Celui qu’on appelait « monseigneur » demeura quelques minutes tout frissonnant, la main crispée sur la garde de son épée. Il souffrait. La pire souffrance de l’homme qui aime, c’est de savoir aux bras d’un autre la femme qu’il convoite. Car alors, c’est l’orgueil, qui saigne, la chair qui crie, le cœur qui se révolte : cet homme, donc, eut un rauque soupir de détresse ; et ses yeux jetèrent un éclair de menace. Il s’élança vers l’auberge. Le manteau noir se plaça devant lui.

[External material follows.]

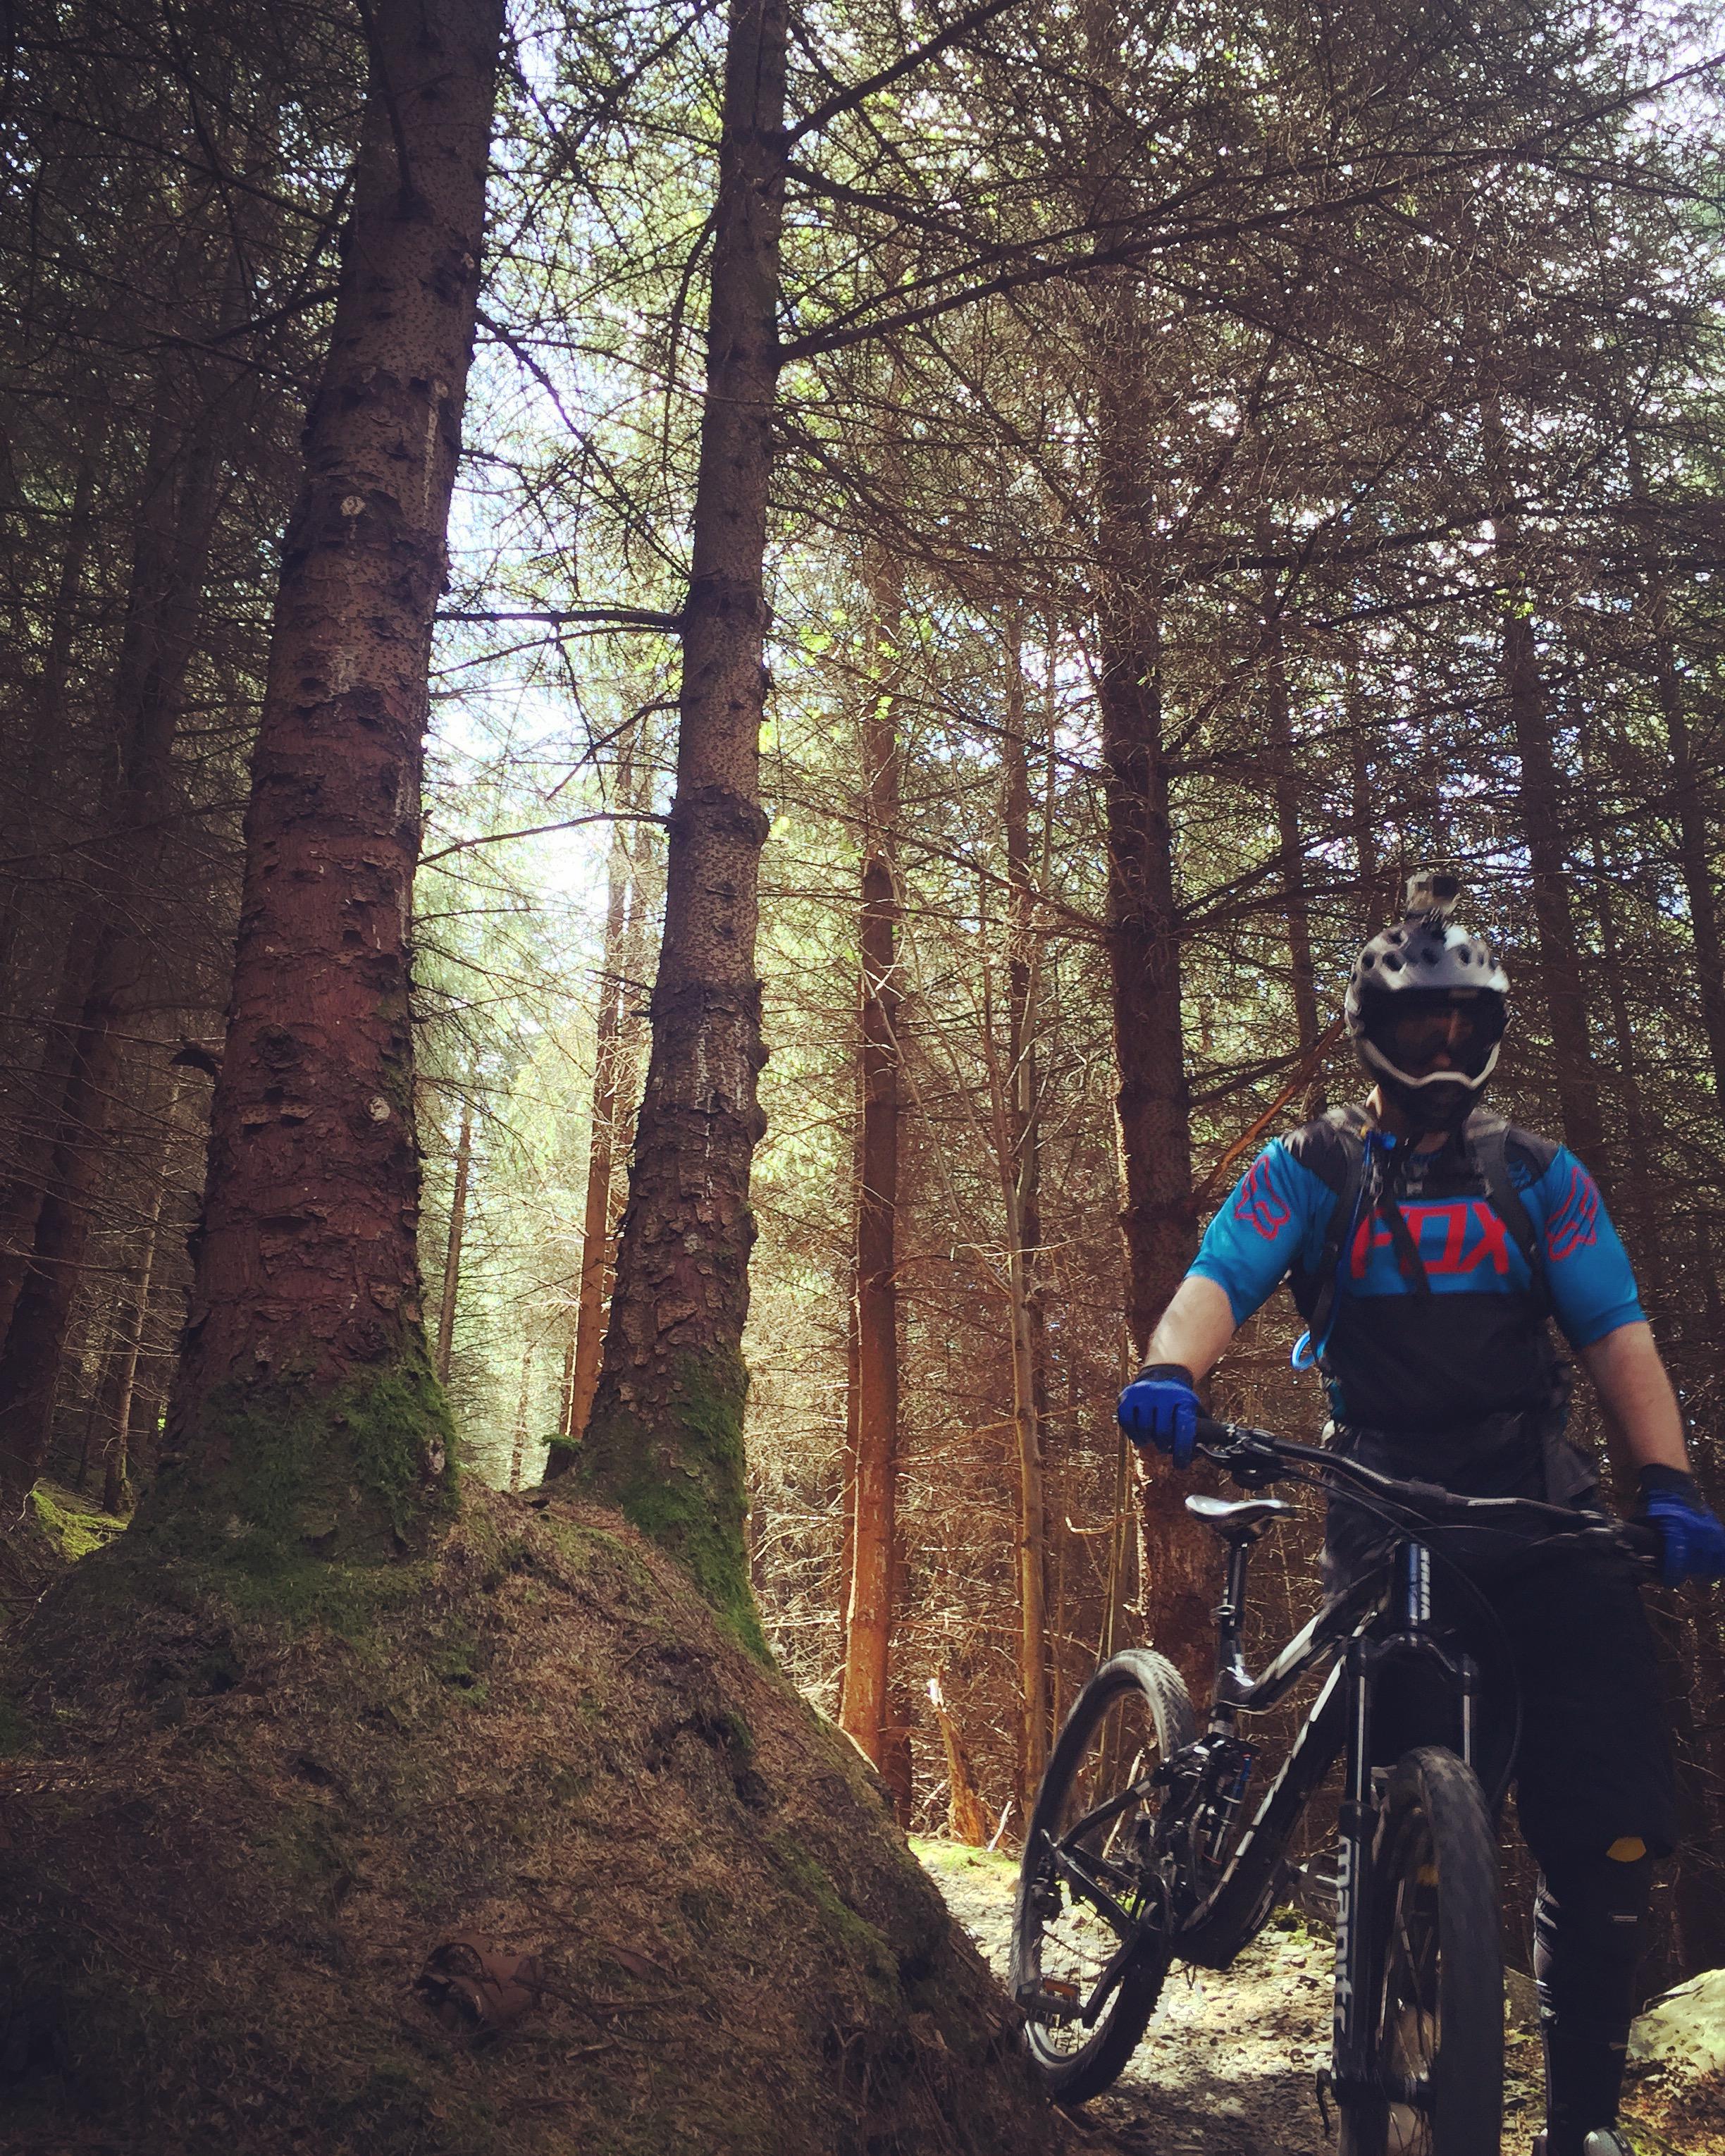 silhouettes_trees_kilbroney_forest_trails_rostrevor_mtb_mountainbiking_ni_explorer_niexplorer_northern_ireland_blog.jpg
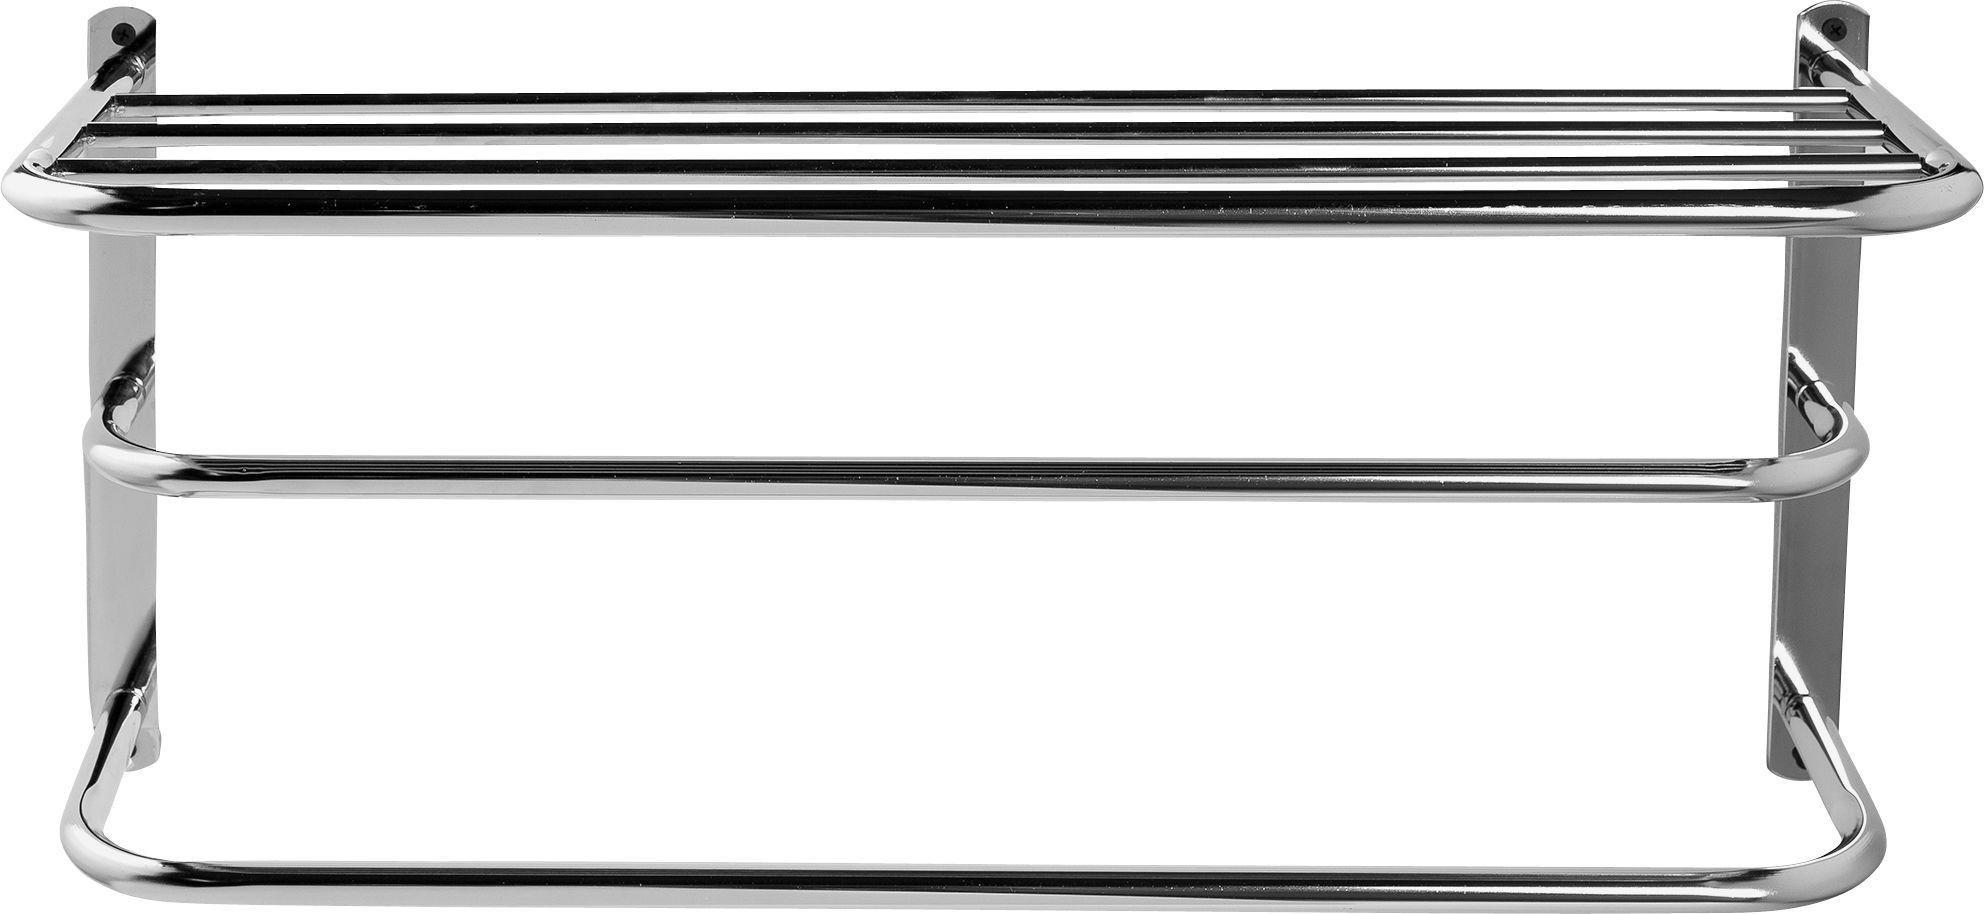 Buy HOME Wall Mounted Towel Rail with Shelf Metal Towel rails

"Que faites-vous, monseigneur ? Que dira demain la cour, que dira la ville en apprenant que M. l’évêque de Luçon, duc de Richelieu, premier conseiller de la reine mère, s’est battu dans une auberge pour les beaux yeux d’une donzelle ?"

Richelieu s’arrêta, sombre, pensif ; mais un frémissement de rage l’agitait.

"Que j'entre moi, moi, à la bonne heure ! continua le manteau noir. J’entrerai donc, je saurai ce qu’est venue faire ici Marion Delorme.

— Quoi ! Tu consentirais, mon brave Beaussemblant ? Oh ! le nom de cet homme qu'elle est venue retrouver ! Oh ! savoir ce nom ! et alors, malheur à cet homme !"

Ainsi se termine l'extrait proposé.